## Data shown:
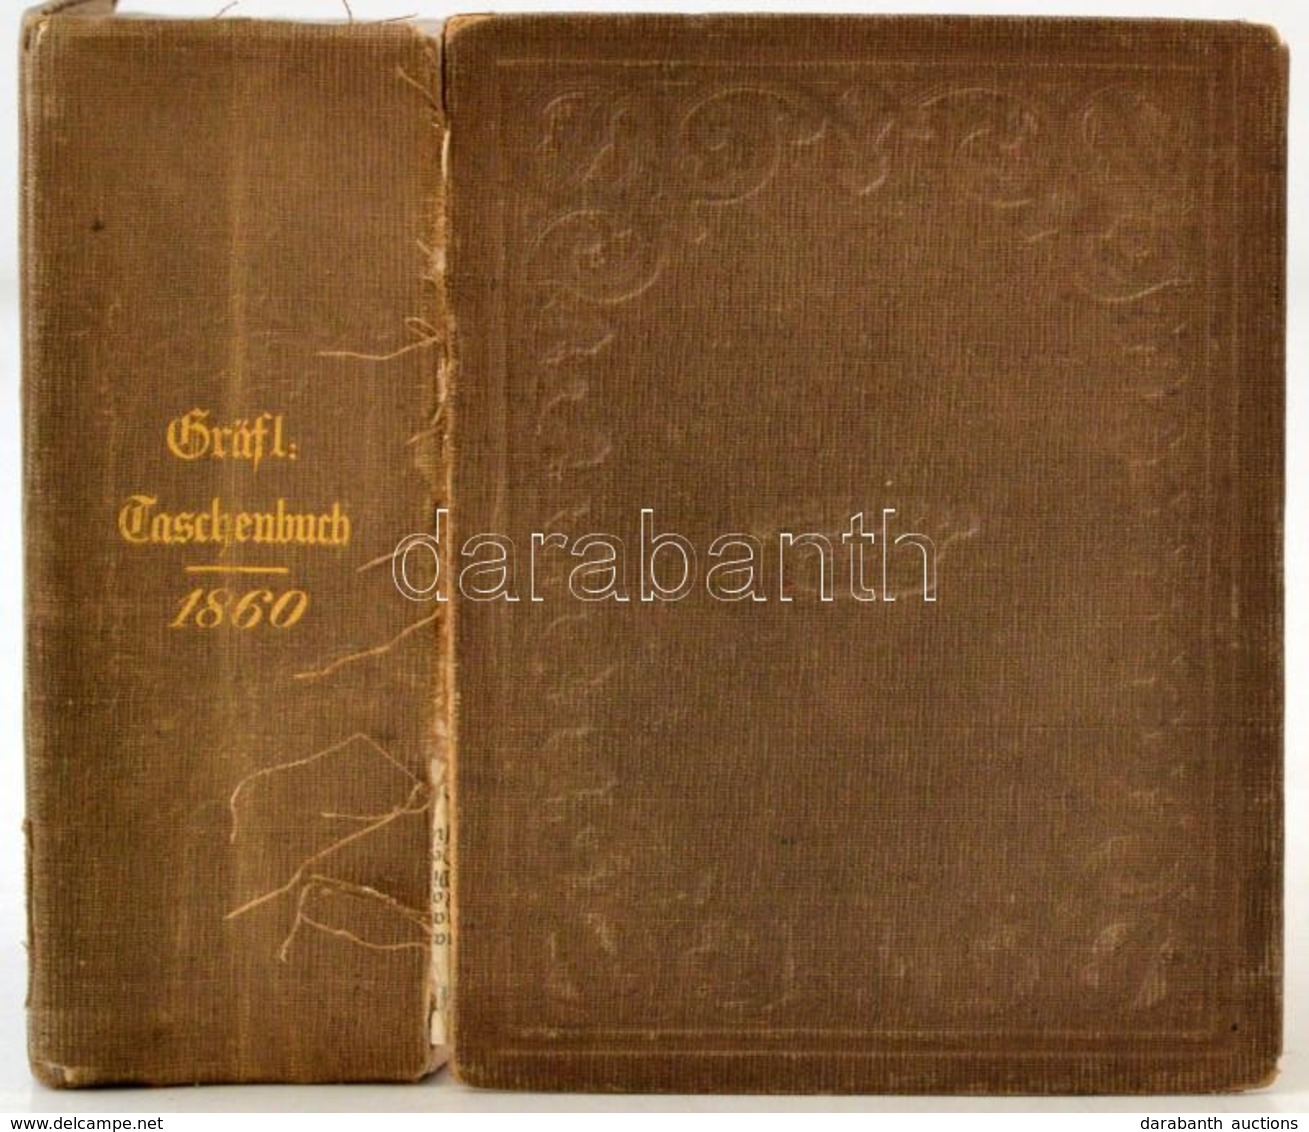 Gotaisches Genealogisches Taschenbuch Der Gräflichen Häuser Aus Das Jahr 1860. Gotha, 1860, Justus Perthes, 996 P. 33. é - Non Classés
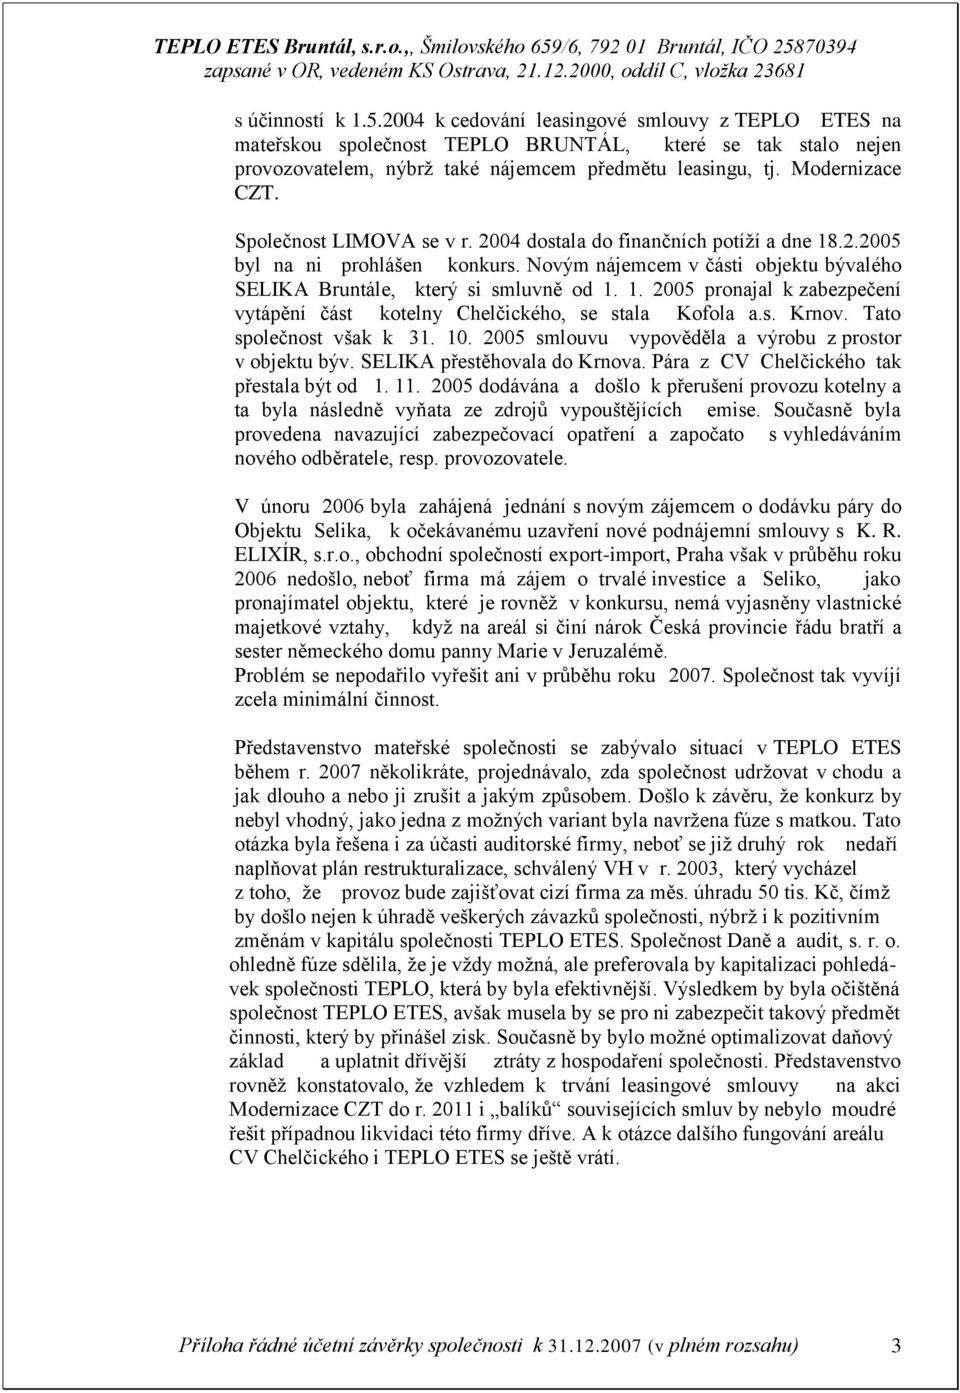 Novým nájemcem v části objektu bývalého SELIKA Bruntále, který si smluvně od 1. 1. 2005 pronajal k zabezpečení vytápění část kotelny Chelčického, se stala Kofola a.s. Krnov. Tato společnost však k 31.
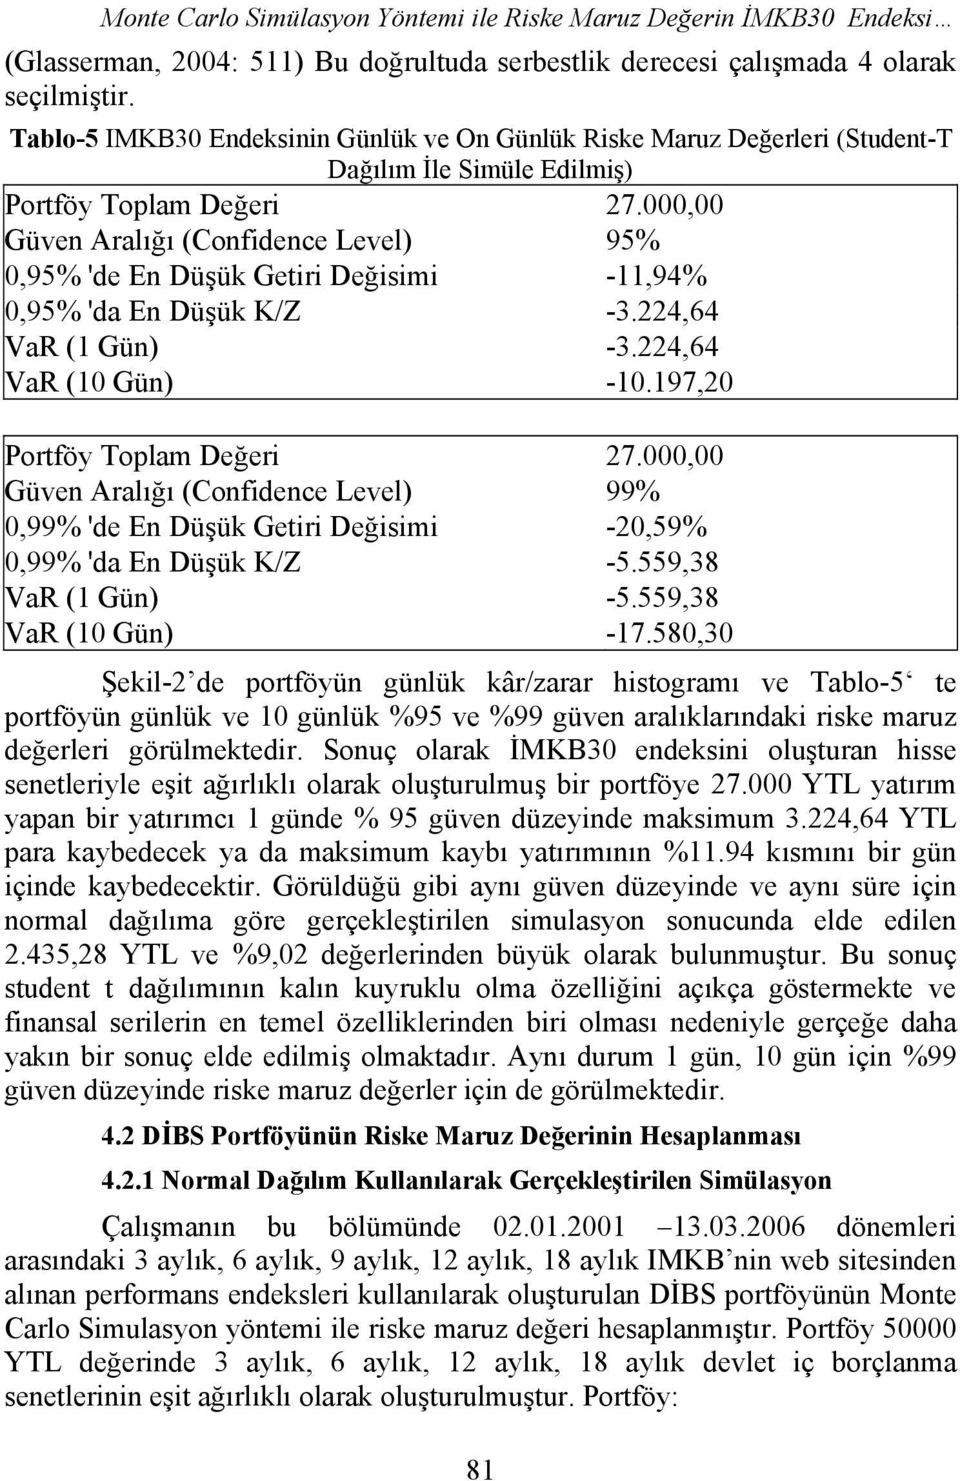 000,00 Güven Aralığı (Confidence Level) 95% 0,95% 'de En Düşük Getiri Değisimi -11,94% 0,95% 'da En Düşük K/Z -3.224,64 VaR (1 Gün) -3.224,64 VaR (10 Gün) -10.197,20 Portföy Toplam Değeri 27.

## Work item:
Could you return the whole listing exactly, with every picture removed?

## Answer box:
 Gotaisches Genealogisches Taschenbuch Der Gräflichen Häuser Aus Das Jahr 1860. Gotha, 1860, Justus Perthes, 996 P. 33. é - Non Classés
 Novým nájemcem v části objektu bývalého SELIKA Bruntále, který si smluvně od 1. 1. 2005 pronajal k zabezpečení vytápění část kotelny Chelčického, se stala Kofola a.s. Krnov. Tato společnost však k 31.
 000,00 Güven Aralığı (Confidence Level) 95% 0,95% 'de En Düşük Getiri Değisimi -11,94% 0,95% 'da En Düşük K/Z -3.224,64 VaR (1 Gün) -3.224,64 VaR (10 Gün) -10.197,20 Portföy Toplam Değeri 27.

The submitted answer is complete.